World’s Fairs, he said, are fascinating for what they’ve done for us in a number of ways. First there are the obvious landmarks – the Space Needle in Seattle from the 1962 Fair, the Eiffel Tower from the 1889 Fair in Paris and the French Pavilion from the 1939 New York Fair. The first Ferris wheel was built for the Chicago Fair in the 1890s. It was so big that the enclosed cars were the size of box cars. Each had a lunch counter and could hold 40 people. It was moved to the St. Louis Fair in 1904 but destroyed after that.

Early fairs reflected a not-so-pleasant aspect of humanity. They showed how society treated minorities. 

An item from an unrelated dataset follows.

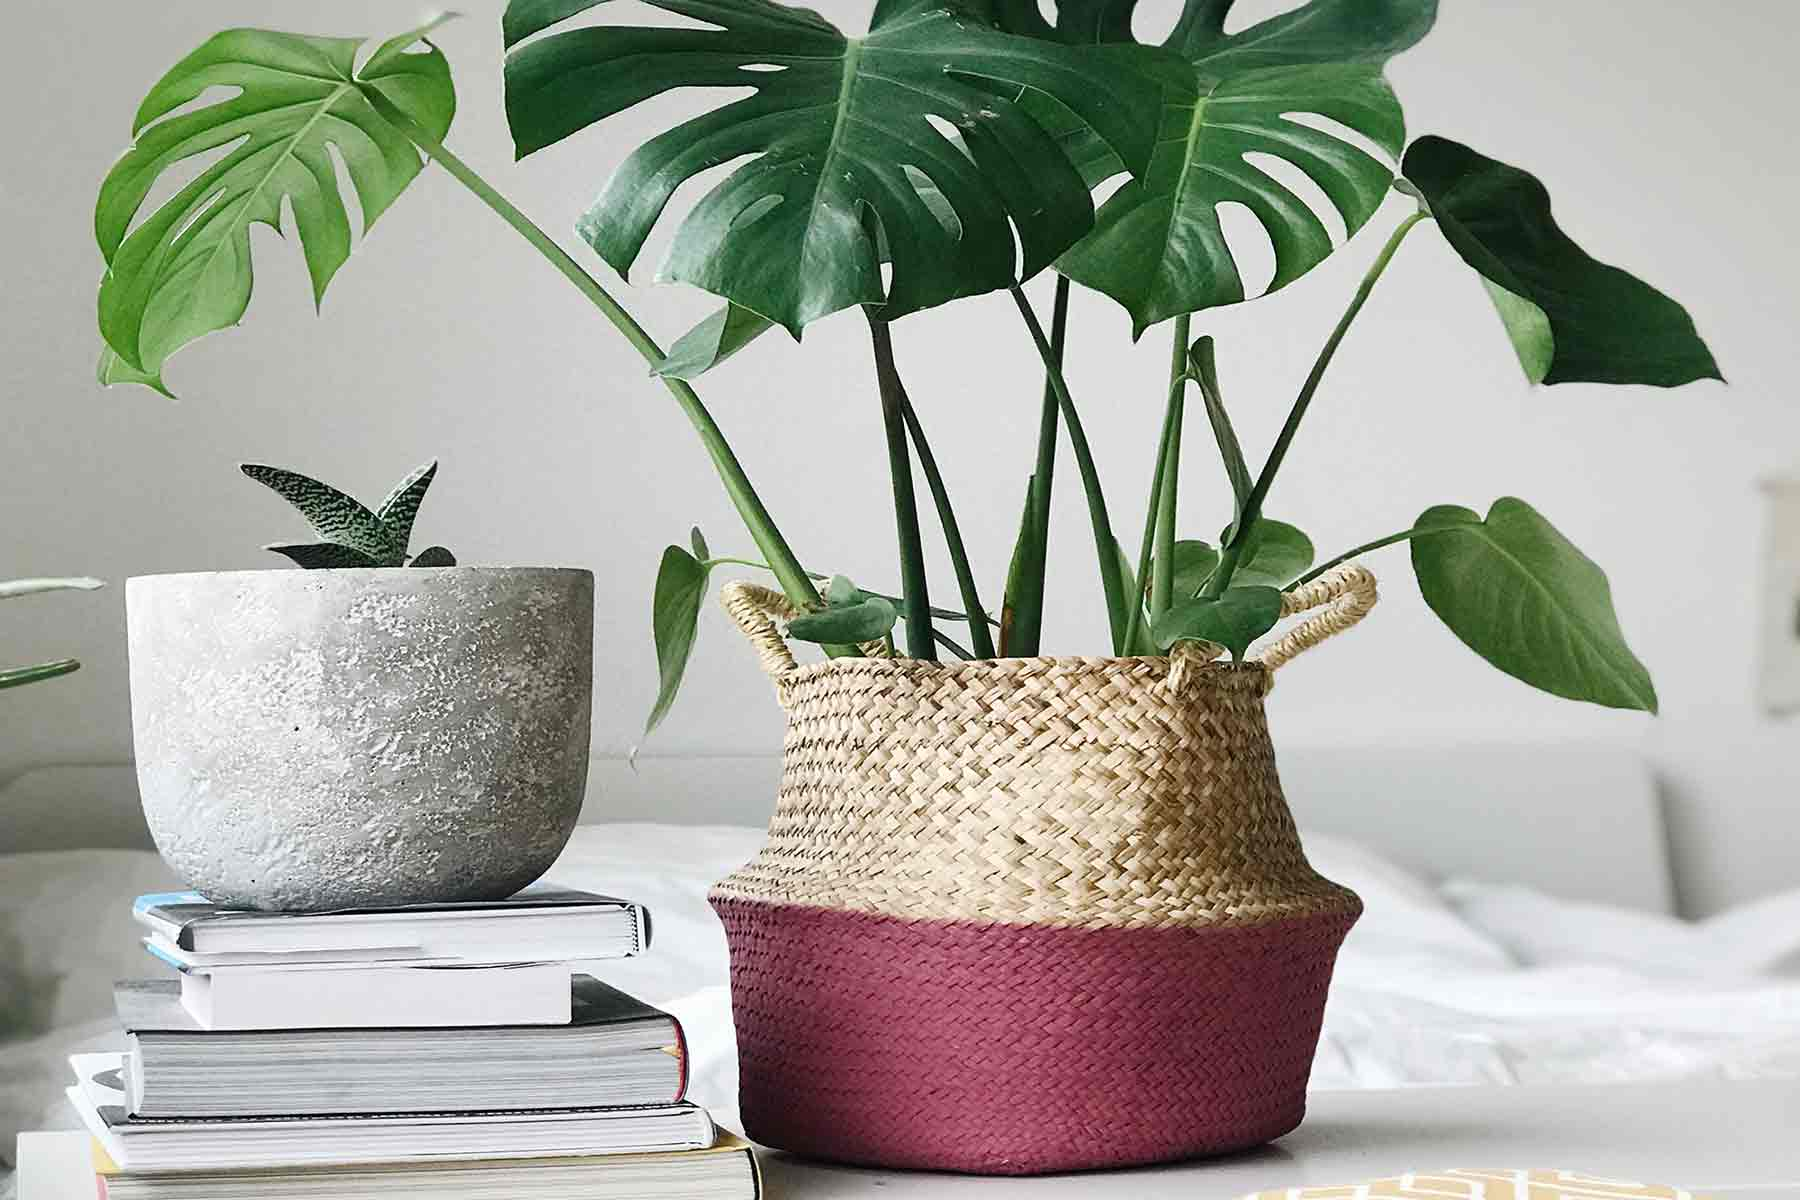 Cara Memilih Pot yang Pas untuk Mempercantik Dekorasi Tanaman Hias Anda | Foto artikel Arsitag
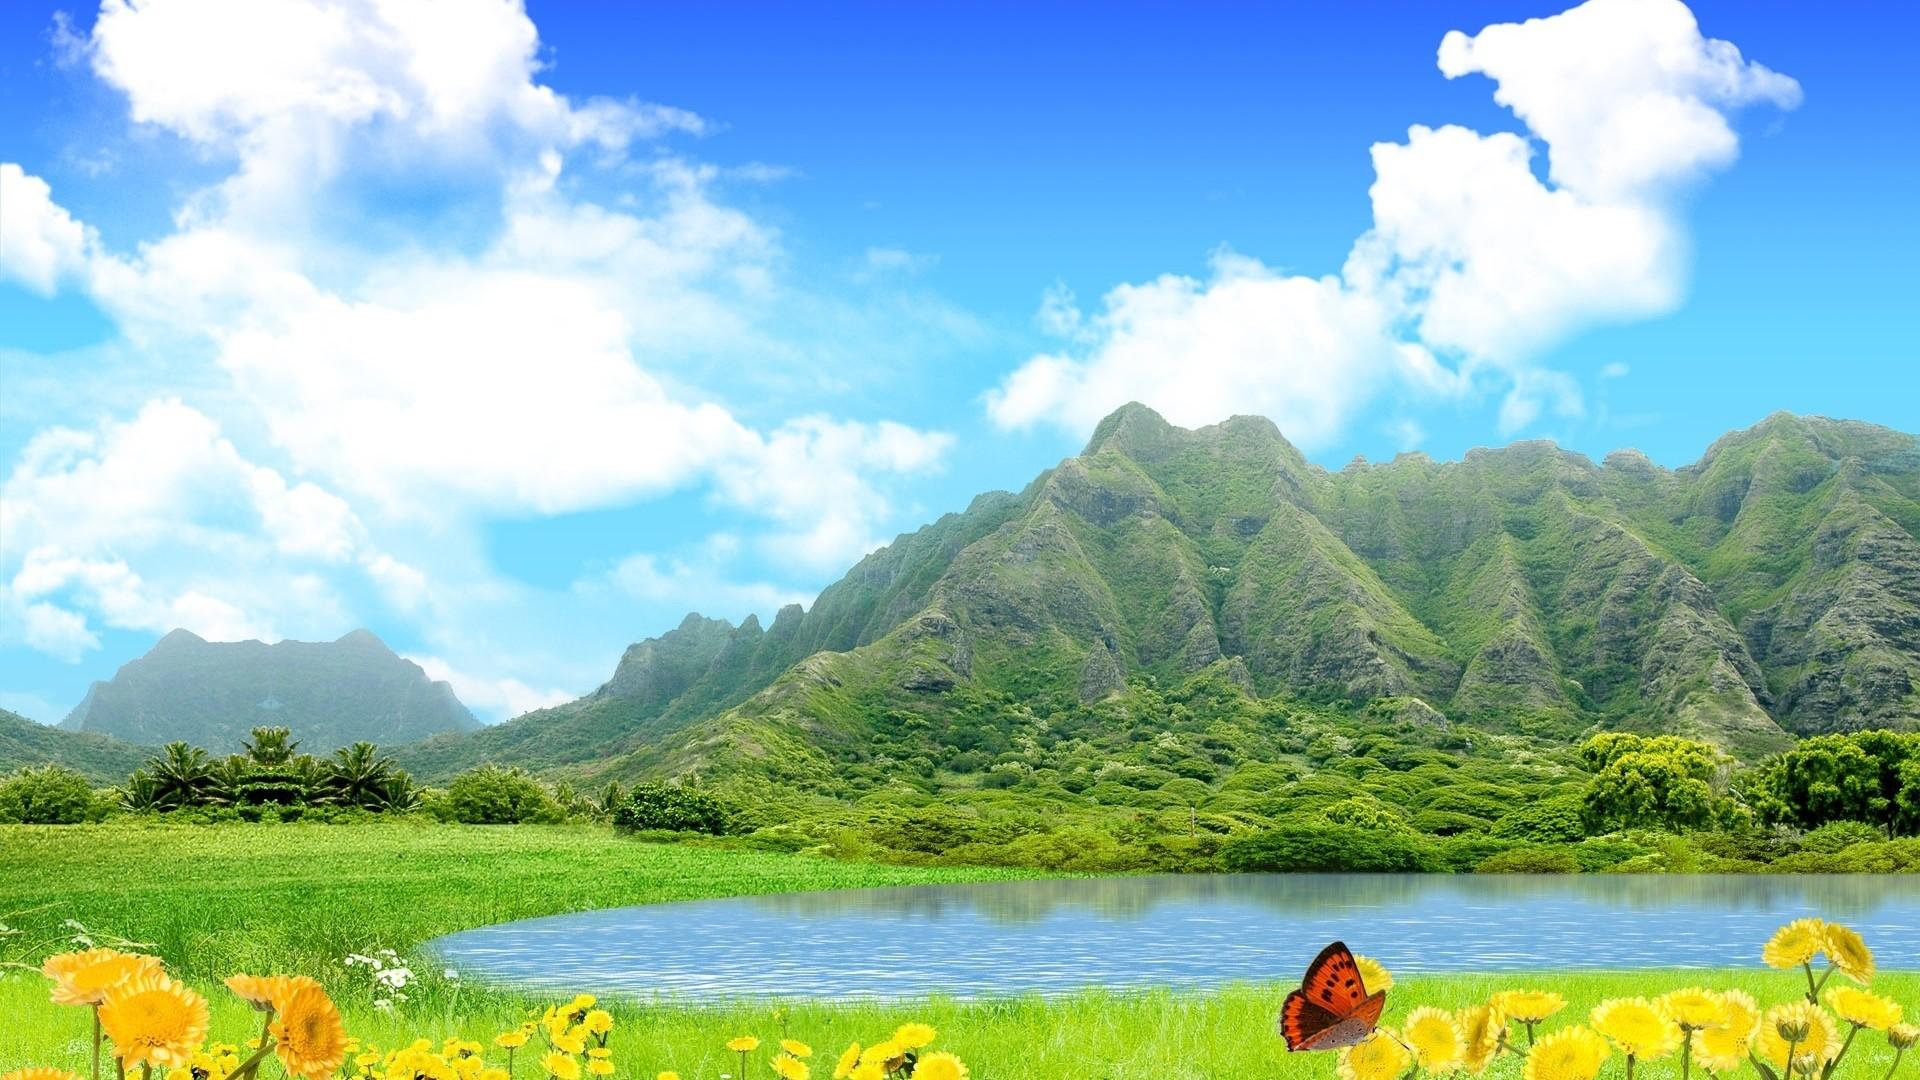 Wallpaper mountains, lake, sky, flowers, butterfly, summer

“Many cultures were just put on display in the 1800s and early 1900s,” he said. 

World’s Fairs have influenced the way we Americans eat. The French Pavilion from 1939 introduced a lot of Americans to French food. The ice cream cone, hot dog and “angel hair” – now called cotton candy, came from the 1904 St. Louis Fair. Our fascination with Belgian waffles – covered with strawberries and whipped cream – started at the 1964-65 New York Fair.

Richter commented that his first Fair, the 1964-65 one in New York, also gave Disney fans something enduring – the ride called “It’s a Small World.” Walt Disney created the ride as a tribute to the United Nations.

Richter hopes to recruit society members who fondly remember fairs. He could use more volunteers, he said, to help maintain the current collection. He can be reached through the society’s website at www.crystalpalace51.org. The website name, of course, references the first major world’s fair.

The first big fair, Richter noted, was born out of the industrial revolution in England when a Crystal Palace was erected in London in 1851. The building that housed the fair had 1 million square feet of exhibition space and actually enclosed or was built around trees that were growing on the site. It combined art with industrial exhibits and was a huge hit.

“From that point on, fairs took off,” Richter said.